The normally low-profile Famine Review Committee offered unprecedented public comment on the snapshot. They appear to caution against treating IPC famine projections and warnings as political switches triggering temporary aid increases (as happened after the Committee said famine was “imminent” in March and November 2024) only for Israeli restrictions to intensify after a brief and shallow recovery. Despite critics’ claims of alarmism, evidence shows these warnings accurately identified risks that were mitigated only when Israel temporarily eased restrictions in response.

The Committee also warns that calibrating aid to keep Gaza just below famine is high-risk: any shortfall could trigger “rapid and uncontrollable collapse into famine”. This reflects a critical reality: holding populations in prolonged semi-starvation always risks massive mortality from starvation and disease – the latter being the primary killer in contemporary famines.

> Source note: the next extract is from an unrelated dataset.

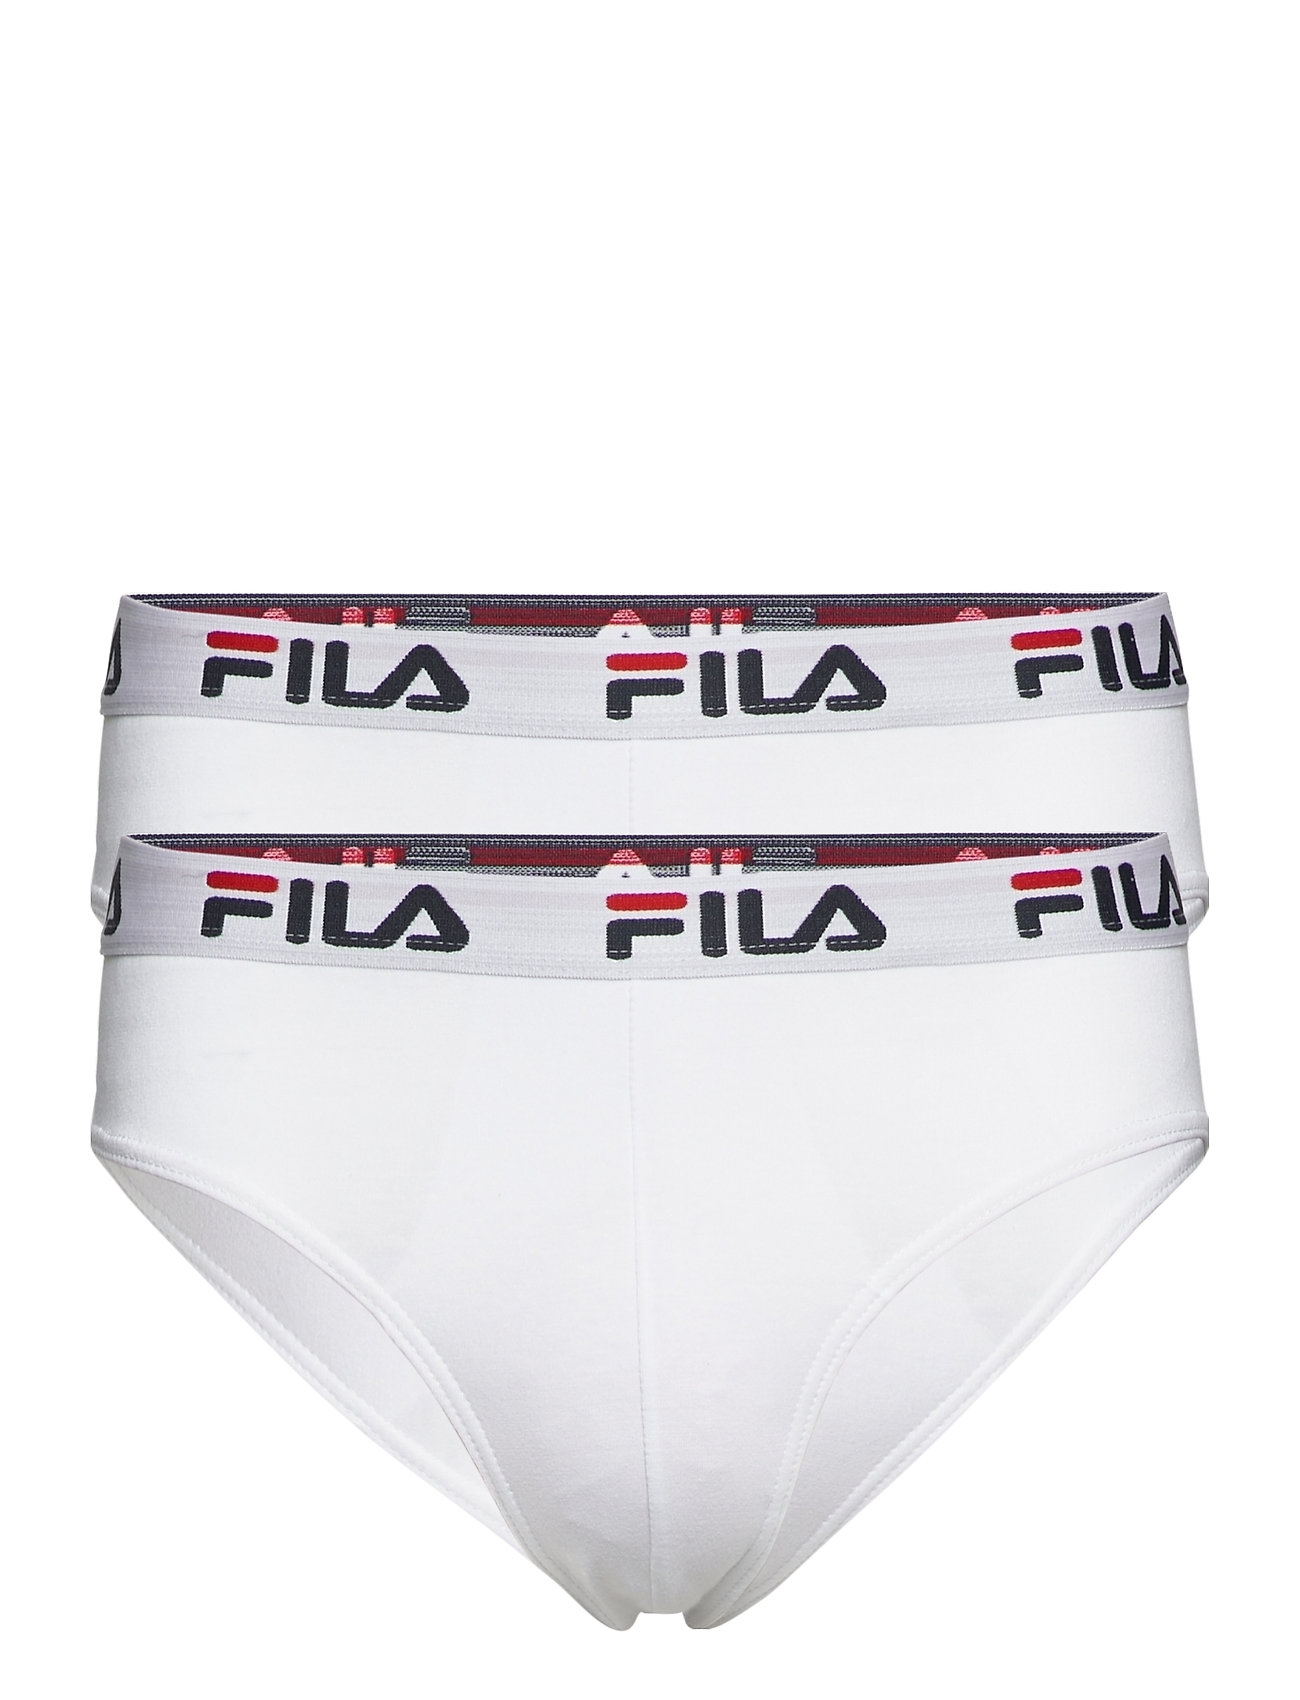 FILA underwear Boxer – underpants – shop at Booztlet

The absence of a formal famine declaration means neither the absence of starvation nor that Gaza is not on the brink. By IPC metrics, a Gaza famine designation now hinges on whether death rates or measures of acute malnutrition cross a statistical threshold in an already starving population. Debating between imminent or declared famine only distracts from two core realities: Israel has weaponised starvation and Palestinians face enormous risk because of it. Starvation is inflicting lifelong damage on Gaza’s children with potential intergenerational consequences. Reversing this trajectory requires Israel to immediately end the blockade and not repeat it. Gaza cannot afford another cycle of famine warning, temporary relief and return to starvation.